The following season, Policarpio continued to improve, and was at one point a MVP candidate with averages of 19.7 points and 11.7 rebounds. However, Mapúa did not make the playoffs with a 6–12 record. He was still able to win Defensive Player of the Year and make the Mythical Team and All-Defensive Team for NCAA Season 95.

Policarpio made it to the NBTC 24 rankings of 2019. Ranking among the best high school players in the country, he got to play in the 2019 NBTC All-Star Game. He also played in the SLAM Rising Stars Classic, and won the skills challenge.

Despite having a year left with Mapúa, Policarpio committed to De La Salle University (DLSU).

In 2022, Policarpio played in the SLAM Rising Stars Classic once again, where he was named as the game's MVP. He also played for Pampanga Delta in the Pilipinas Super League 21-Under Division, where in the Luzon leg of the tournament, he was named as the MVP.

=== Eligibility controversy ===
In 2024, controversy arose when Policarpio was accused of having falsified his academic documents leading up to NCAA Season 94. According to the documents, he had completed his Grade 10 studies at a learning center that had shut down during the 2017–18 school year. These findings would have made him ineligible to play for them in Season 94. The NCAA's Management Committee has since decided not to resolve the issue.

== College career ==
Policarpio played college basketball at DLSU for the Green Archers. At first however, he didn't get to play for DLSU during Season 84 and Season 85. This was due to him having incomplete documents and having to finish his studies at Sto. Tomas National High School. He finally became eligible to play in Season 86.

When the season started, Policarpio did not play much minutes. He got his first start in a win over the UST Growling Tigers, contributing nine points and six rebounds in 14 minutes. In the first round of eliminations, he averaged just 4.5 points, 3.2 rebounds, and 1.8 assists. To start the second round, he scored a college career-high 14 points and 11 rebounds for a double-double along with five assists off the bench in a win over UST. He then followed it up with 15 points and eight rebounds in a win over the NU Bulldogs, and 11 points eight rebounds, five assists, and one block in a win over the UP Fighting Maroons. DLSU went on to sweep the second round as he made a bigger contribution with his versatility, this time averaging 9.8 points, 7.2 rebounds, and 3.4 assists per game. From there, DLSU went on to win the title over UP. For the season, he averaged 6.7 points, 4.6 rebounds, and 2.2 assists in 16 games.

On February 13, 2024 it was announced that Policarpio would not be returning to DLSU due to personal problems. Days later, he decided to stay with DLSU for the second semester. During this time, he was a part of the DLSU team that won the 2024 PBA D-League Aspirants' Cup, and led DLSU to a title in 3x3 basketball.

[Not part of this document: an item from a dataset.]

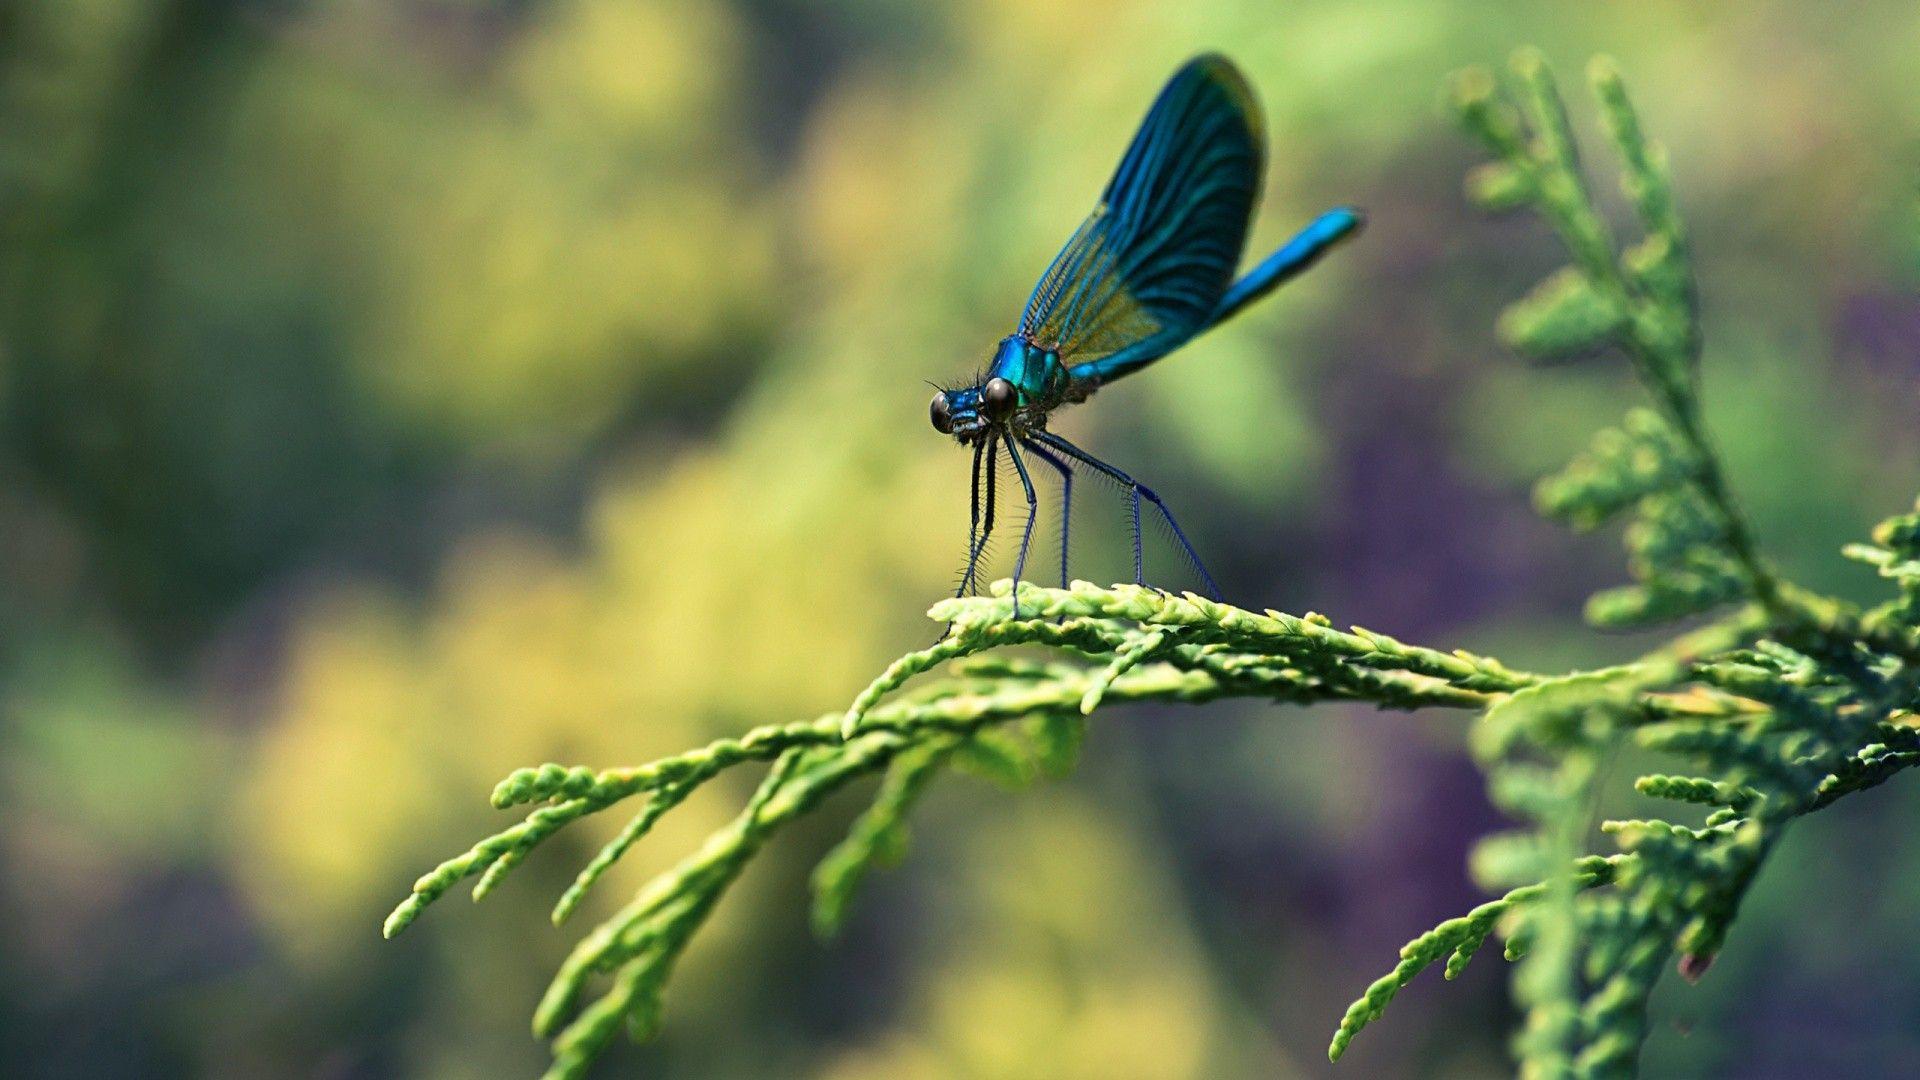 macro wallpaper | blue dragonfly macro wallpaper - new hd

He also got to join them in the 2024 FilOil EcoOil Preseason Cup. Shortly after the FilOil tournament, on July 3, 2024, he announced that he would officially be leaving DLSU and declaring for the PBA draft.

== Professional career ==
Policarpio entered the PBA draft as the youngest player in the pool. During the PBA draft combine, he was named the draft combine MVP as his team won the mini-tournament and was also named to the Mythical Five.

=== NLEX Road Warriors (2024–2025) ===
Policarpio was drafted sixth overall by the NLEX Road Warriors in the Season 49 draft. He signed a three-year rookie deal with the team.

Against the Meralco Bolts, Policarpio made his PBA debut during the 2024 Governors' Cup. He scored in double digits in back-to-back losses to the Rain or Shine Elasto Painters and the San Miguel Beermen. In that conference, NLEX lost to the TNT Tropang Giga in the semifinals. During the 2024–25 Commissioner's Cup, he had a season-high 17 points and nine rebounds in a win over the Phoenix Fuel Masters.

=== Converge FiberXers (2026–present) ===

On February 24, 2026, Policarpio was traded by NLEX to the Converge FiberXers in a three-team trade with the Meralco Bolts.